# weedeater weed wacker



## bassdocktor (May 23, 2005)

I have a weedeater weed wacker that's about 12 yrs old. Recently the cord for the pull start broke. I've looked in several books to find out how to replace it but have had no luck. I do know that I need to rewind the spring. But even that I am not sure of because I am new to small engine repair. Any help or resources that you might be able to lead me to would be appreciated.
Thank you,
russ


----------



## bugman (Aug 12, 2004)

should be thos simple ones, rope pulley, wound up spring and a pull cord....... well you can rewind the spring by hand till it gets nice and tight, hold it with a little tape, or needle nose pliers for a little bit, place the inner tab of the spring, into the spot that holds it, the place the spring in, then if you can, pop the outter tab to the pulley, of course make sure the cord is already wound around it, and put the cord outside the hole first, then carefully place it back in, sometimes it will unwind, sometimes it won't. may take few tries, you can also wind it up while the spring is inside the cover as well if you like. hold on to that cord though, it will run right back in if you don't. then tie the handle back on. this is how i do it atleast........


----------



## hankster (Jan 1, 1998)

Here is how I normally do it.... it is hard to explain without showing someone in person... hopefully I can explain it clearly enough.

Make sure the spring is properly placed in the plastic recoild housing. Fish the new rope through the hole in the housing and attach it to the pulley... of course have the handle on the other end. Now wrap the rope around the pulley (in the proper direction) until there is about 6 inches not wound... you can then place the rope in the little groove that is on the outside of the pulley.

Put the pulley into the housing on top of the spring and strat turning the pulley in the direction it would normally turn when you pull the rope (clockwise I believe). You will feel the pully drop into place on the spring in less then a turn. Now keep turning the pulley for another 1 1/2 turns.. this puts tension on the spring. Stop turning when the rope in the goove is by the hole in the housing.

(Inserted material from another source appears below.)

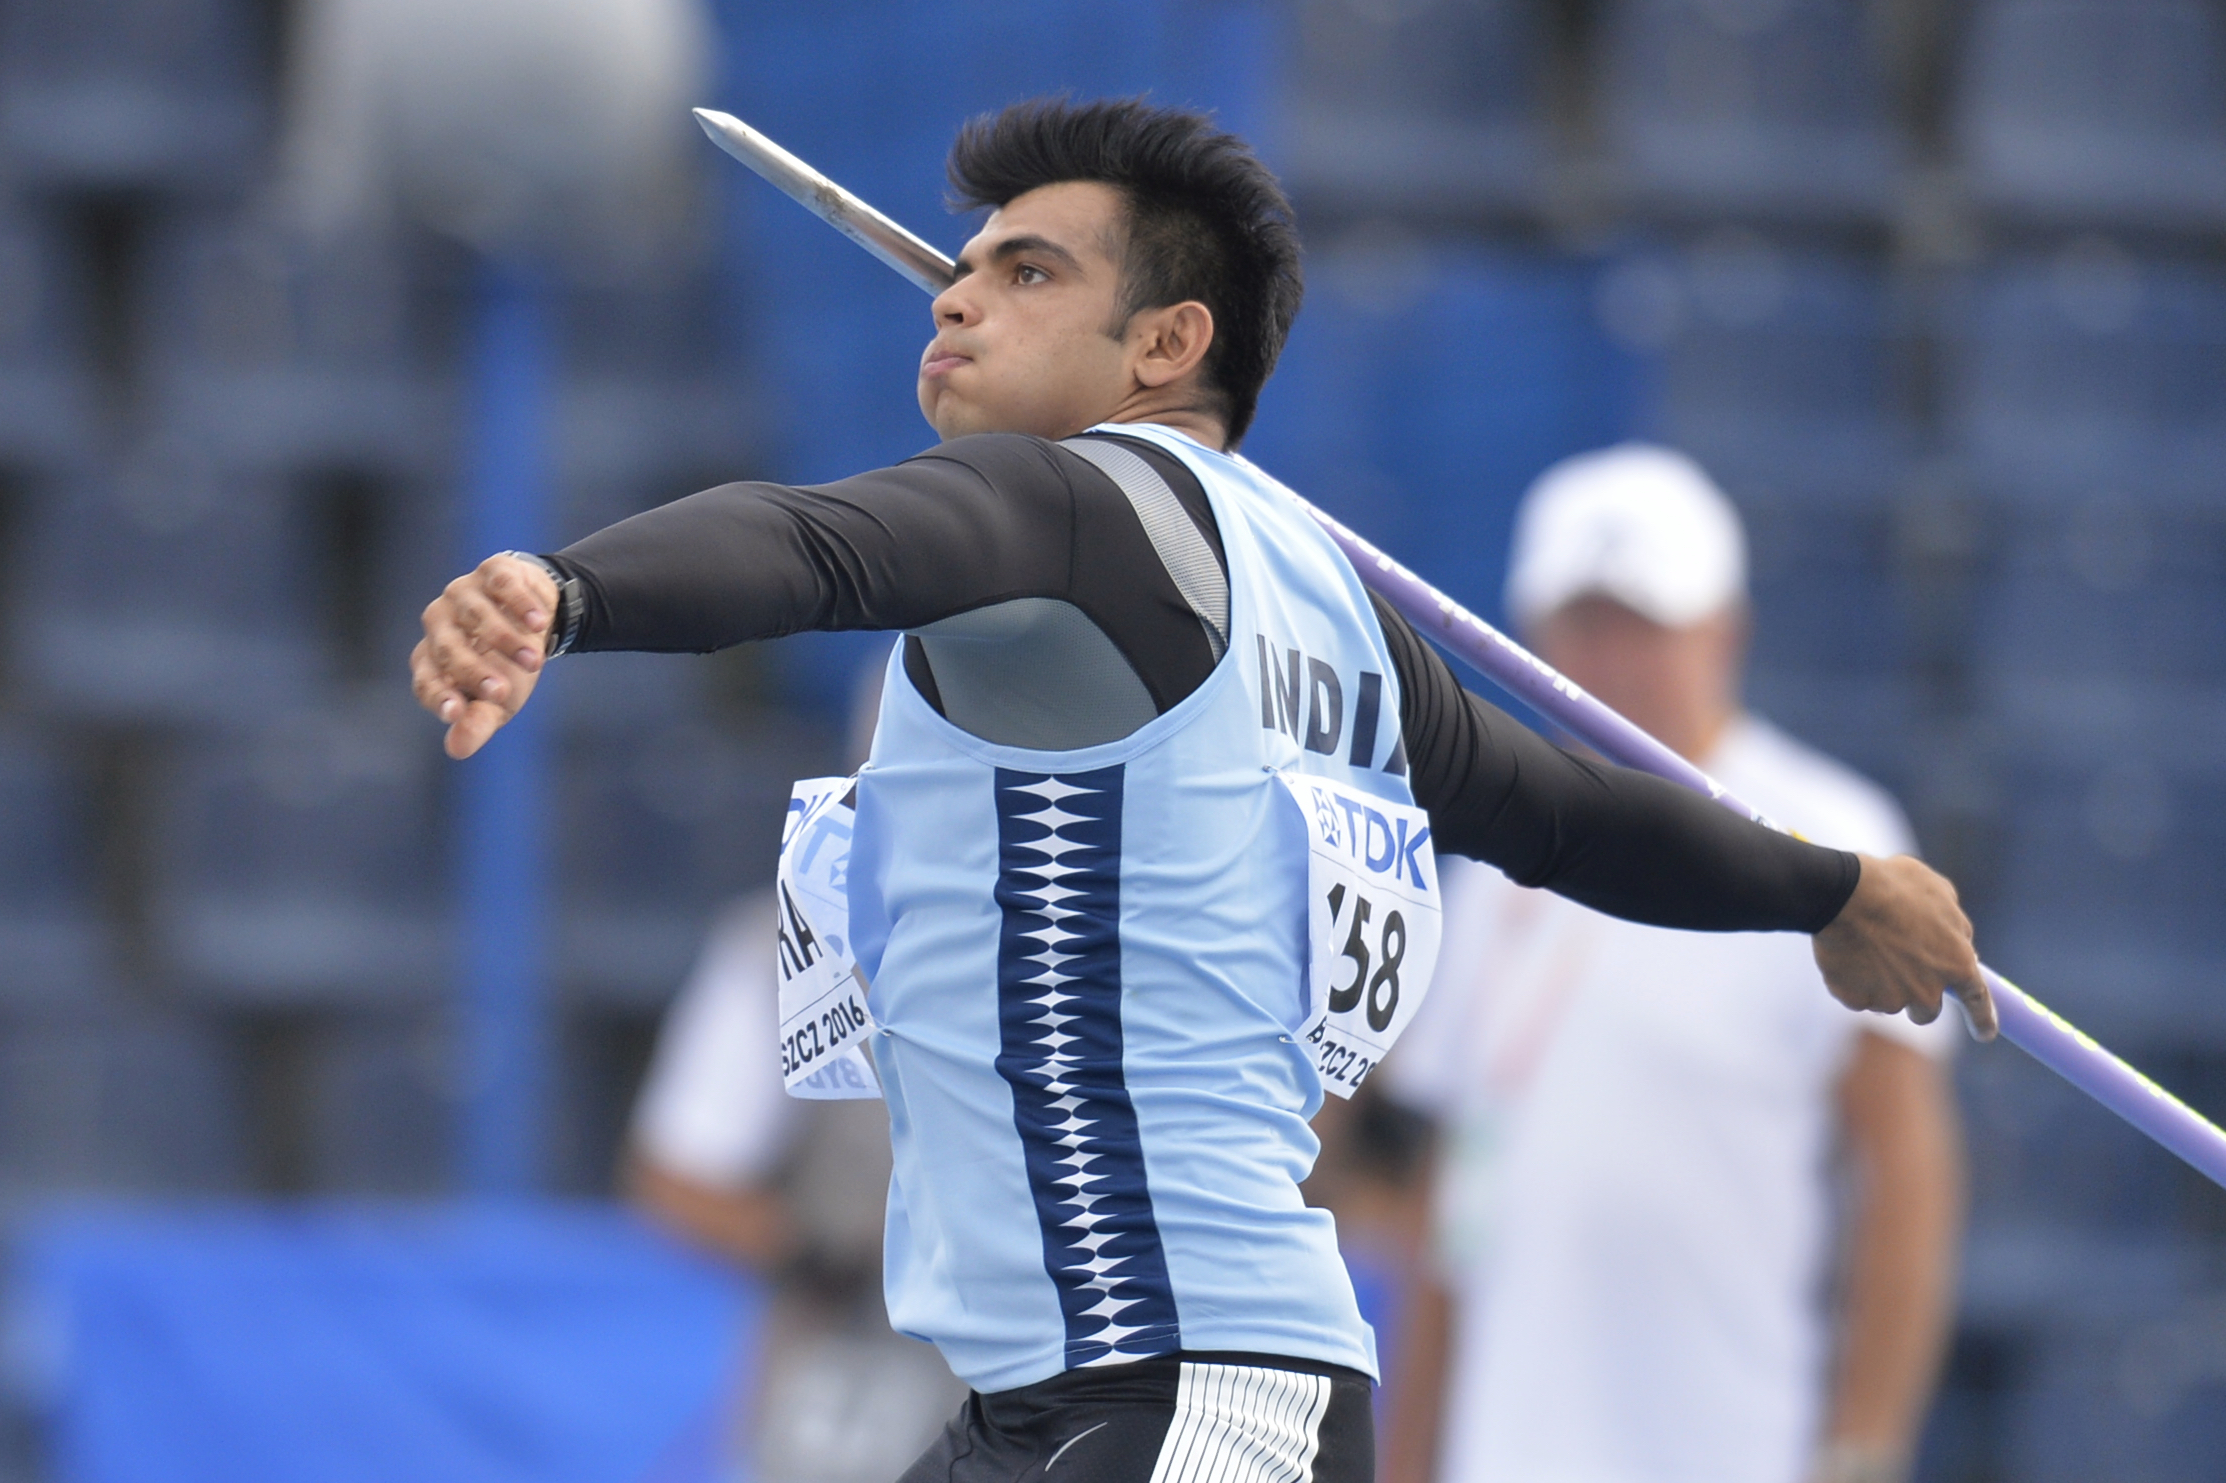 Neeraj Chopra resumes practice, two-and-a-half months after Tokyo triumph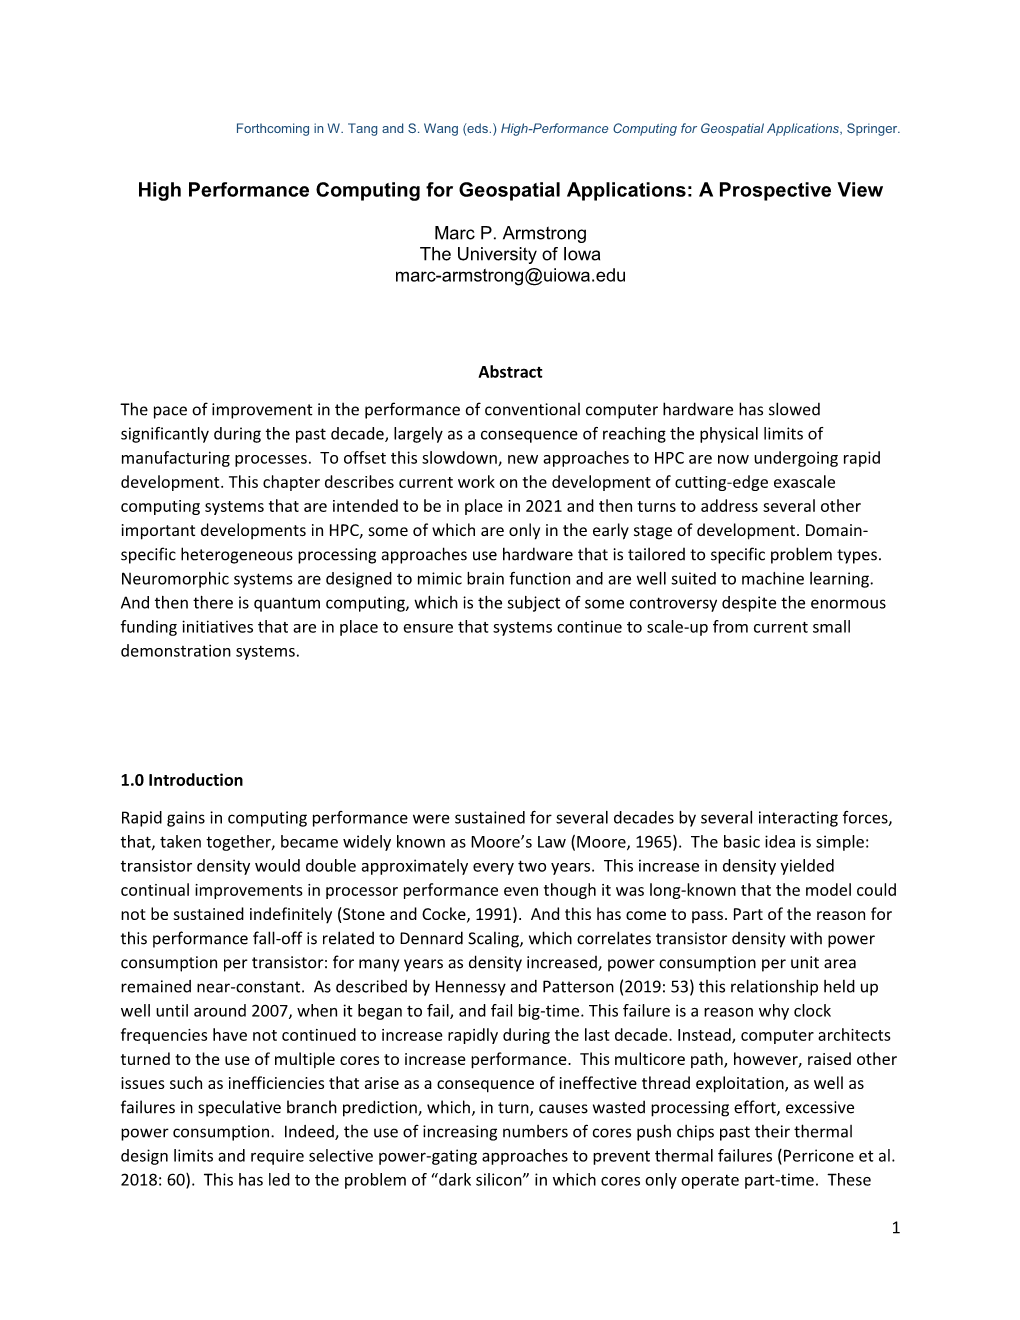 High Performance Computing for Geospatial Applications: a Prospective View

Now just pull on the rope slightly (by the handle) to bring it into the proper postion and let the recoil retract. Reattach the two small metal tabs that hold the pully in place and you should be set to go.


----------



## El Wrencho (Jun 8, 2005)

*Weed Eater Walbro 226 carb*

Hi All, I'm new and more familiar with 4 strokes. I just bought a carb kit for a weedeater 200XT not too old 4-5 yrs. I've always had trouble starting it and I'm assuming it is a dirt or gum problem. Last yr. I soaked the whole carb in carb soak...... yes for the whole winter. I nstalled, after cleaning, a gasket set, primer bulb, and needle. The screen did not need cleaning. In the kit was a small brass cap that goes into a recess on the outside of the carb, what's under this cap and if the carb was gunked up should I remove and clean and replace the cap. Today I installed the kit and now.....no start, plug gets wet, poor needle seating??

Can you help/


----------



## El Wrencho (Jun 8, 2005)

Bugmans' got it, put every thing back together with no tension incuding the cord wraped in the right direction, pin the end of the cord to the rest of the cord so it will stay, wind the recoil in the right direction to tension the spring.....it dosen't need to be too tight, just enough to retract the cord. When it feels like there is enough spring to retrct the cord... look in the cord hole (whre the cord comes out)for the end of the cord and using a pair of tweezers or metal pick turn the recoil a little more while pulling the cord out through the hole, don't let go..... attach the handle and voila


----------



## bugman (Aug 12, 2004)

you could have it set too rich, or the mixture screws are damaged.


----------